Alas, it won’t. And “that’s one reason why I’m never going back into the office again,” one of my friends declared. “At least at home, I have a private office where I can close the door. Those days are so long gone at ‘work.’”

Personally, I believe open offices are one of the many reasons behind the Great Resignation. Indeed, the hate generated by them is one reason so many people love the idea of working from home now.

That’s especially true with Omicron dumping us right back into the COVID-19 work blues. Remember, one of the supposed great virtues of the open office was that we could share ideas with coworkers sitting nearby. Innovation would flourish, friendships arise, and work wouldn’t feel like work. That’s not really true. As it turns out, the easiest thing to share in an open office are viruses.

Oops.

In a study from a few years ago of an open office, a harmless virus was placed on a single door. By the end of the day, almost the entire office—and bathrooms, doors, and breakroom—were contaminated. That was a generic virus. Omicron’s reproduction number (R-value) is 3.47. That is, in a word, “Awful.”

No wonder, with a pandemic going on, no one wants to be packed into an open-air petri dish.

To be clear, my disdain for open offices predates COVID-19; open offices have always been a bad idea. Open-office proponents promise that, in them, your employees will be better able to collaborate with each other and form close-knit teams. Indeed, one 1984 study found that open offices would engender a sense of shared mission and increase collaboration.

The reality is, as a Harvard Business Review study found, that “face-to-face interactions dropped by roughly 70% after the firms transitioned to open offices.” Let that sink in. Open offices aren’t neutral. They actively discourage people from working together.

And why wouldn’t they? Any conversation becomes a public discussion. When you’re trying to concentrate, you’ve got Joe and Anne yacking behind you and George doing an interpretative dance about his PowerPoint problem in front of you.

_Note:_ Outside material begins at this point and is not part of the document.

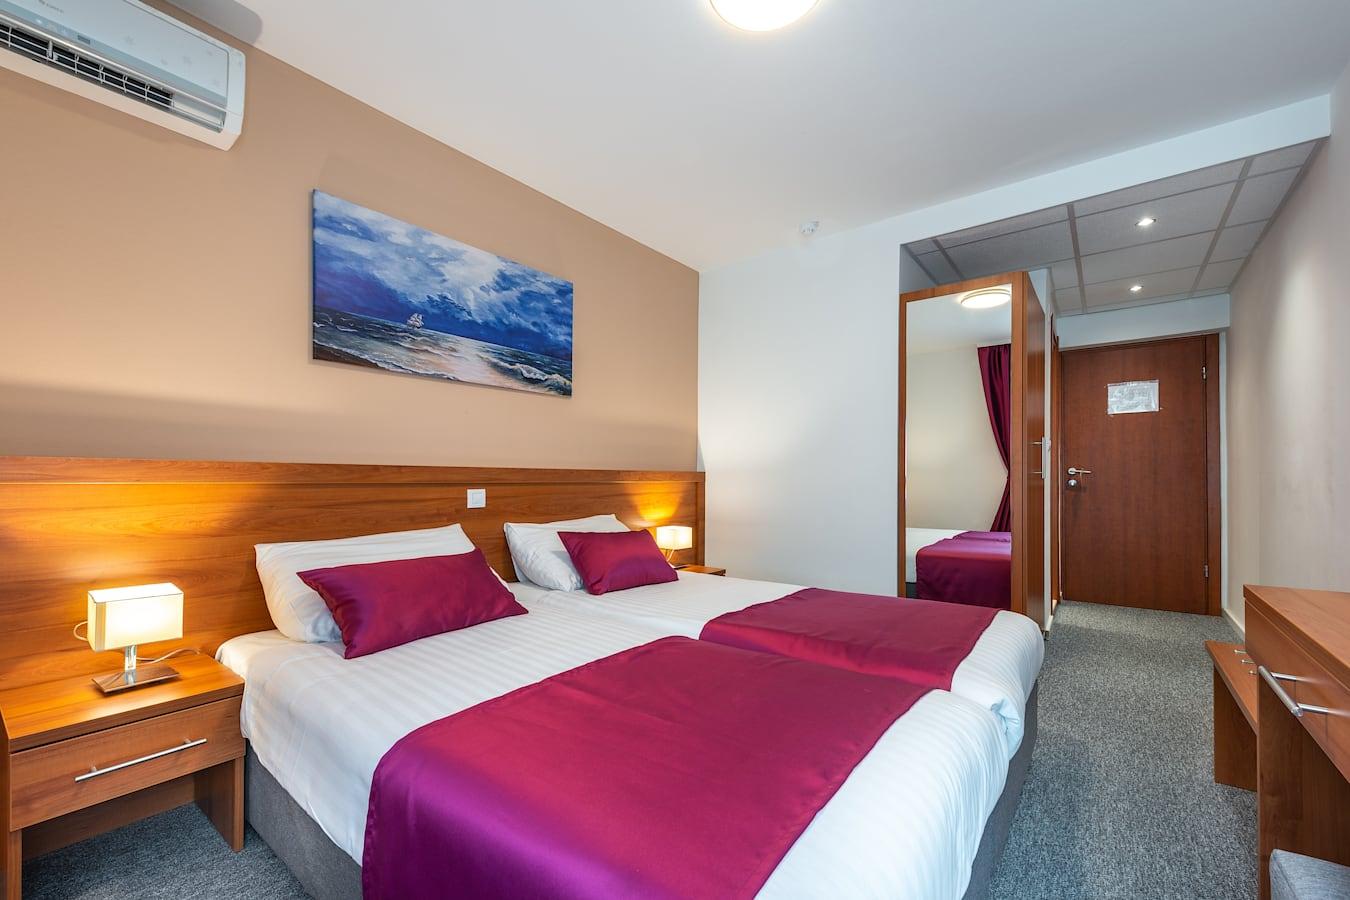 annex-komodor-hotel-double-room-entrance.jpg

Another 2013 study found that nearly half of the surveyed workers in open offices said the noise and lack of sound privacy was a real problem for them. I found cubicles annoying enough back when I still worked in offices. The very idea of being in a hot-desking, open-space kindergarten tickles my nerves like fingernails on a chalkboard.

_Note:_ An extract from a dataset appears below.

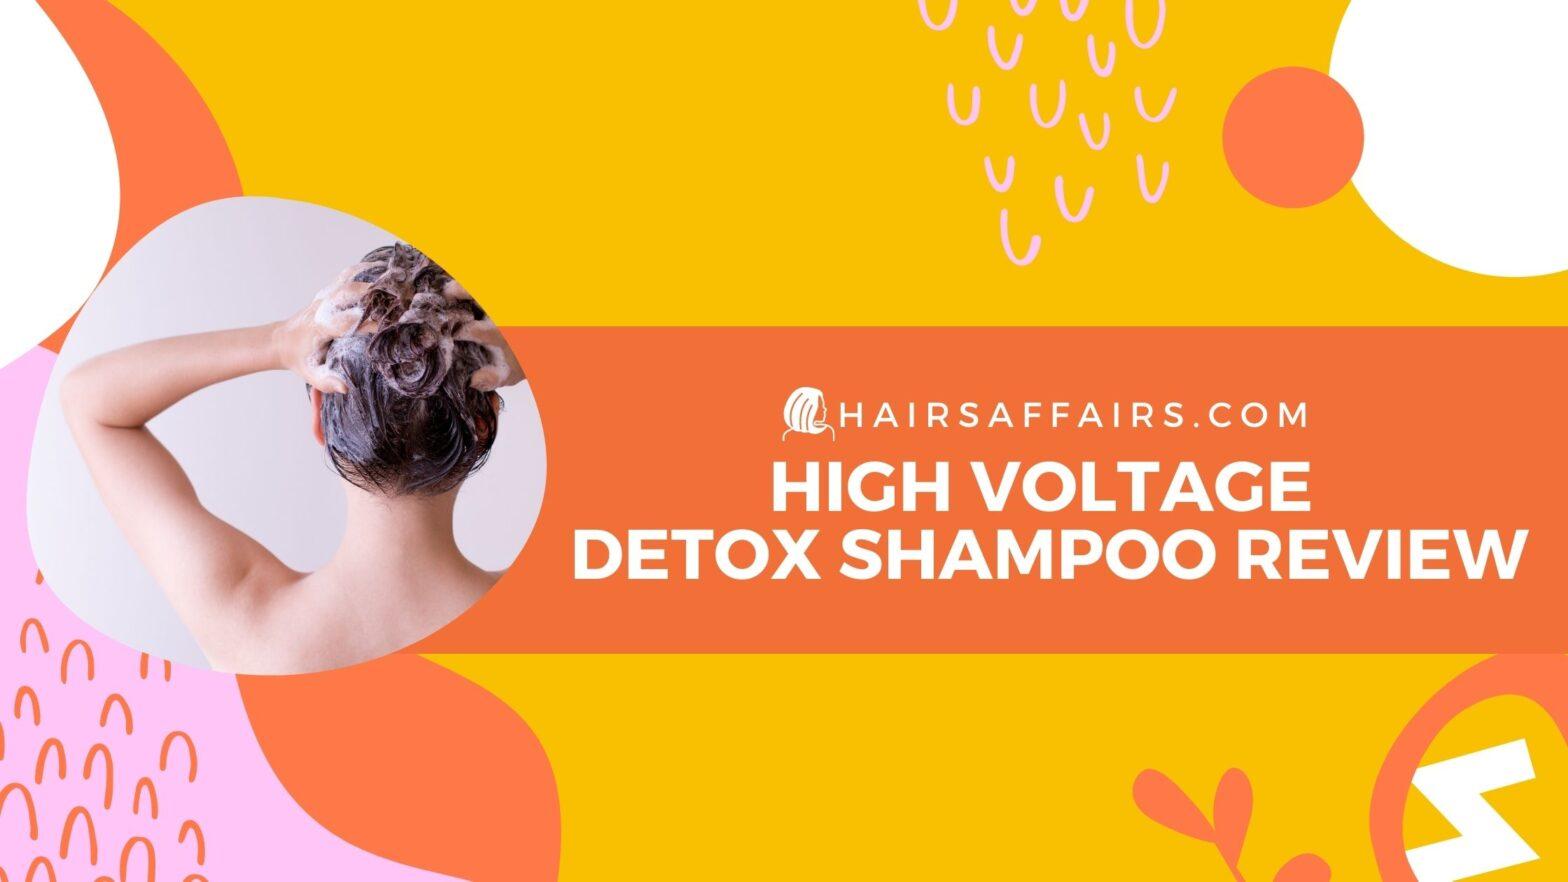 HA-High-Voltage-Detox-Shampoo-Review

But there are other reasons why companies like the idea of an open office. First, it’s cheaper. Period. That’s it. It also lets bosses watch people more easily. And, as Lindsey Kaufman put it in The Washington Post, “Bosses love the ability to keep a closer eye on their employees, ensuring clandestine porn-watching, constant social media-browsing, and unlimited personal cell phone use isn’t occupying billing hours.”

All that open air gives your workers another message: They don’t matter. They’re interchangeable and untrustworthy parts in a corporate machine—just like the cubicles in which they crouch. This is not what you want your valued employees to think.

I’m a big believer in judging staffers by the quality of their work. I could care less about how they do it. If they’re looking at TikTok part of the time, it’s all about the results to me. Making your employees uncomfortable with an open office, or spying on them by literally overlooking them or with technology, is a recipe for failure.

Give your workers the space and privacy they need to do their best work. Whether that involves traditional offices, cubicles, or working from home is up to you. Any way you do it, you’ll end up with more productive and happier workers.

And happier workers generally make for more successful companies.